Marcelo Montenegro, alto funcionario del Ministerio de Economía, intentando demostrar que el neoliberalismo ha sido superado, argumentaba: “La esencia del actual modelo es la mayor y creciente presencia del Estado en la economía, lo que en buen romance significa que el Estado es quien lidera la conducción del rumbo de la economía, a través del manejo de empresas estatales en sectores estratégicos: YPFB en el energético, Vinto-Huanuni en el minero, ENTEL, BOA y ENDE en el de servicios públicos, y EMAPA en el rubro de producción de alimentos”. (1)

La primera parte de tal afirmación implica que antes del “proceso de cambio” la presencia del Estado era menor y poco trascendente en la economía, lo que no es cierto. Una somera revisión de las medidas de política pública e, incluso de las acciones administrativas adoptadas por gobiernos anteriores al de Evo Morales, demuestran con suficiencia que el Estado participó en la economía nacional, tan o más activamente que en el denominado periodo estatista, orientando sus acciones a favorecer a los inversores extranjeros y a las elites económicas nacionales que medraban a su alrededor.
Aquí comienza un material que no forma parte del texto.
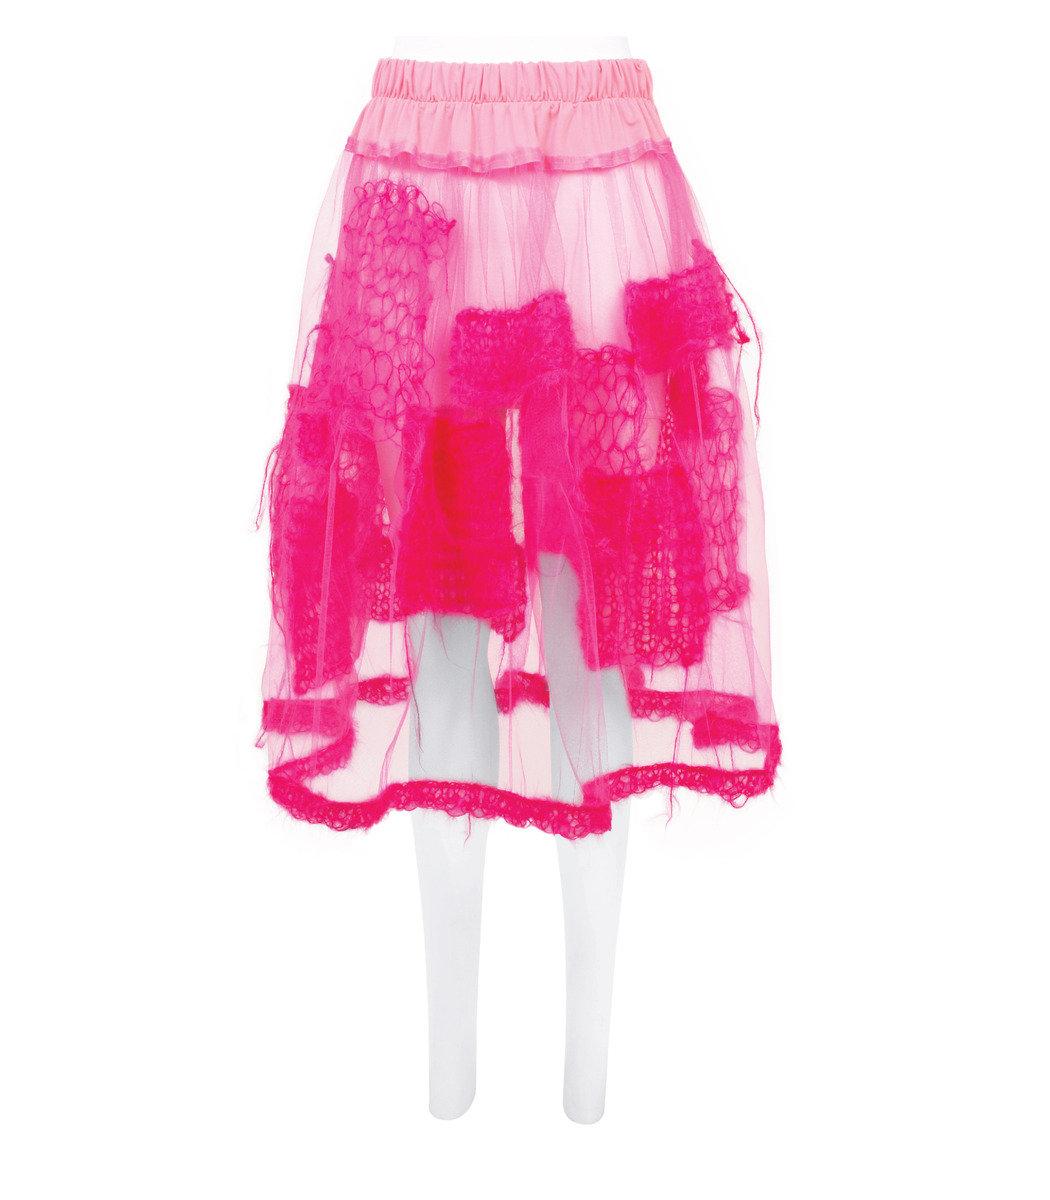 Patch薄紗半身裙

La prohibición impuesta a YPFB para que no continuara realizando actividades exploratorias, fue claramente una acción estatal; al igual que las excesivas ventajas otorgadas a las mismas, que hicieron que el flujo de inversiones aumentará en la primera etapa y luego disminuyera, cuando se las exoneró de la obligación de perforar un pozo por parcela. Es más, sólo una clara acción de política estatal convirtió a prefecturas y municipios en administradoras de contratos de infraestructura, que al margen de una visión integral de desarrollo sólo sirvió para empoderar y enriquecer a pequeños grupos económicos.
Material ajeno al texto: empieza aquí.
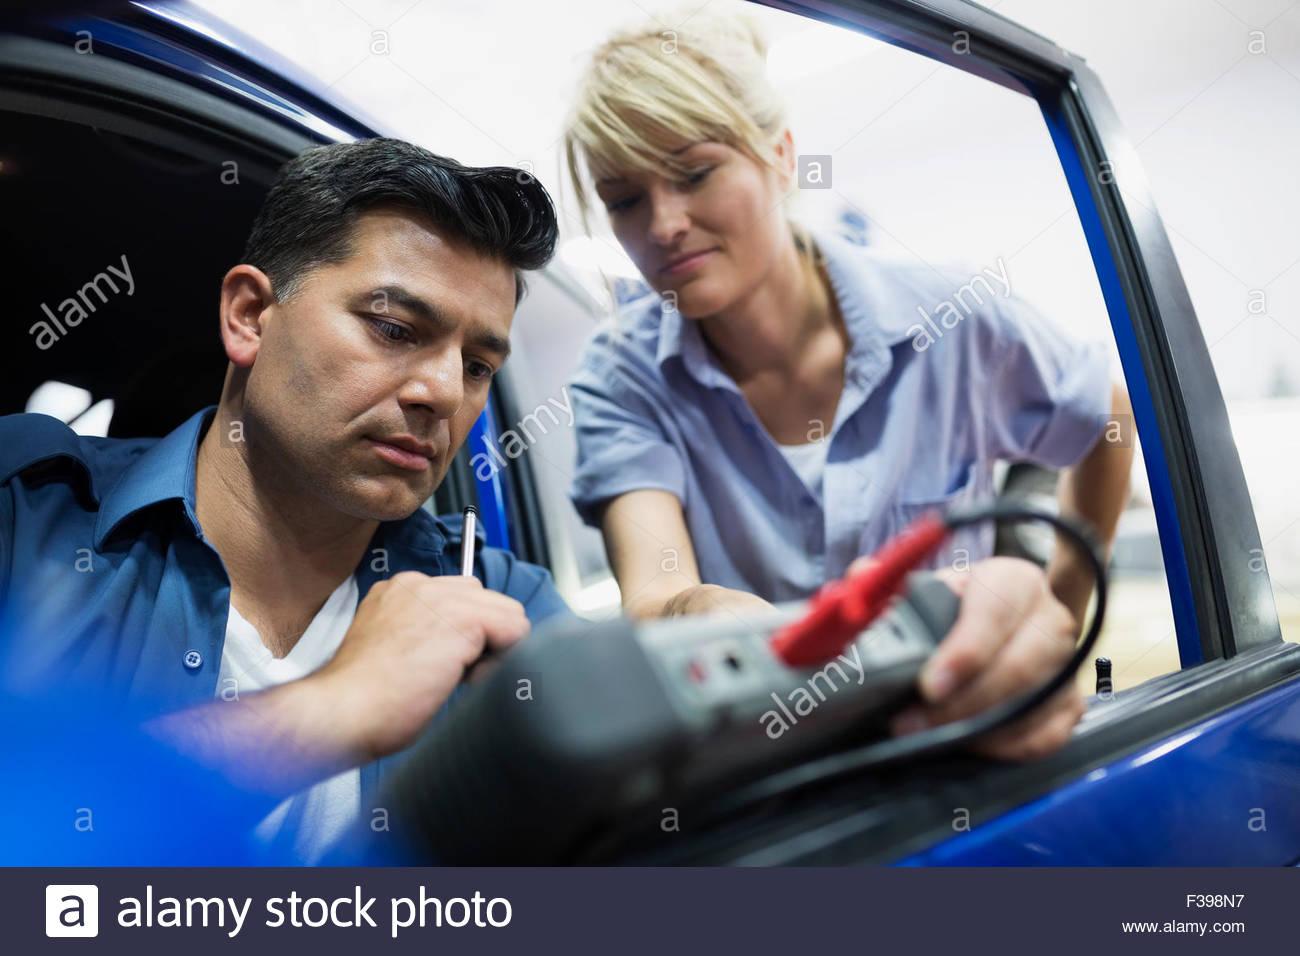 Mechanics diagnostic testing car in auto repair shop - Stock Image

Con base en esta evidencia, perfectamente podría decirse que el neoliberalismo, más que un modelo económico que privilegia la determinación del mercado en la economía, es una fuerza política que promueve la activa participación de todos los niveles del Estado para favorecer los intereses de determinados grupos de poder y no de toda la colectividad. No obstante, no trato aquí de delimitar qué es el “modelo neoliberal” o qué no lo es; pienso que la definición abstracta de un modelo económico, a más de una ventaja didáctica, es prácticamente inútil a la hora de evaluar el rol del Estado en el funcionamiento de una economía específica. Más inútil todavía si se olvida, cómo parece que lo hace Montenegro, que actualmente no hay ni un solo país que funcione sin la activa participación del Estado en la economía.
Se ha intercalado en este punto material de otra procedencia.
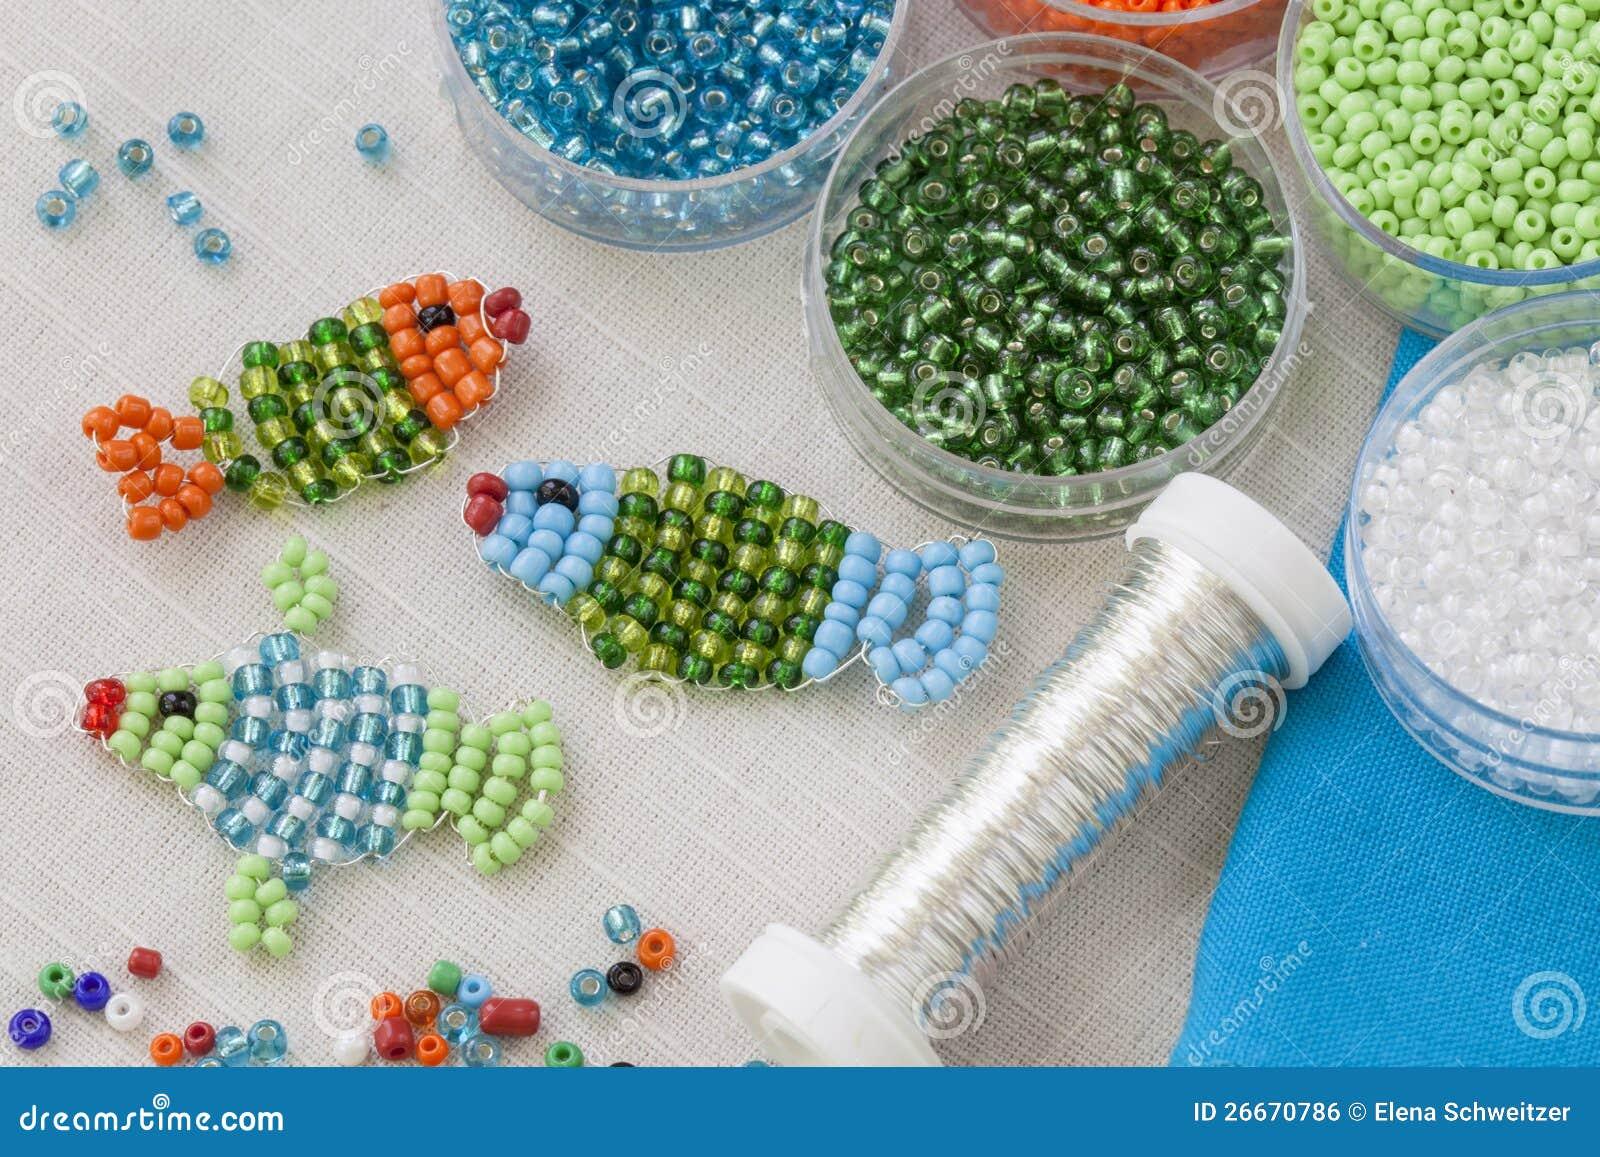 Bead craft stock photo. Image of childhood, craft, jewelry - 26670786

Por ello la cuestión esencial no está en la dicotomía Estado – mercado, por lo demás fútil; sino en los objetivos, métodos y alcance de la participación del Estado en la economía, lo que me lleva a sopesar la segunda parte de la afirmación de Montenegro.

Comencemos por precisar lo que actualmente significa el “manejo de las empresas estatales en sectores estratégicos”. En hidrocarburos, por ejemplo, ha acontecido una drástica reducción de las reservas de gas natural, debido a la “manipulación financiera” y, seguramente, existencia de información falseada; lo que no es más que una estafa y daño económico al Estado; sin embargo, el Presidente y el Directorio de YPFB Corporación, del cual Montenegro es parte, han decido echar tierra al asunto, y no seguir ninguna acción legal en defensa del Estado. Es más, cuando el gobierno asumió la “nivelación de los precios” de combustibles, fue desde el Ministerio de Finanzas que con mayor fuerza se propuso la creación de un fondo para pagar a las petroleras el precio internacional del barril de petróleo sin considerar que en Bolivia el promedio de los costos de producción de un barril equivalente rondan los cinco dólares. Es decir, a pesar del “actual modelo económico”, que según Montenegro es muy diferente a neoliberal, en el país sigue habiendo una “creciente” acción estatal para proteger y promover intereses particulares.

Respecto al manejo de las empresas estatales habrá que precisar que una cosa es que el Estado sea dueño de las mismas y otra cosa que dichas empresas persigan intereses nacionales. Dejando de lado las evidencias de que YPFB Corporación no determina realmente el sector hidrocarburífero, lo evidente es que, al igual que con la capitalización, continúa privilegiando la exploración de gas para la exportación, no así de petróleo para la producción de diesel; tampoco prioriza la atención de los sectores más vulnerables del país, anótese que al menos 600 mil familias bolivianas continúan cocinando con leña y bosta de animal. Véase también ENTEL, cuya actual condición estatal no ha servido para que la misma cambie, por ejemplo, su política tarifaria para el sector rural, o su mercadeo sexista y consumista. O ENDE que impulsa mega proyectos eléctricos orientados a la exportación, en tanto en el área rural más de 200.000 hogares viven sin servicio eléctrico.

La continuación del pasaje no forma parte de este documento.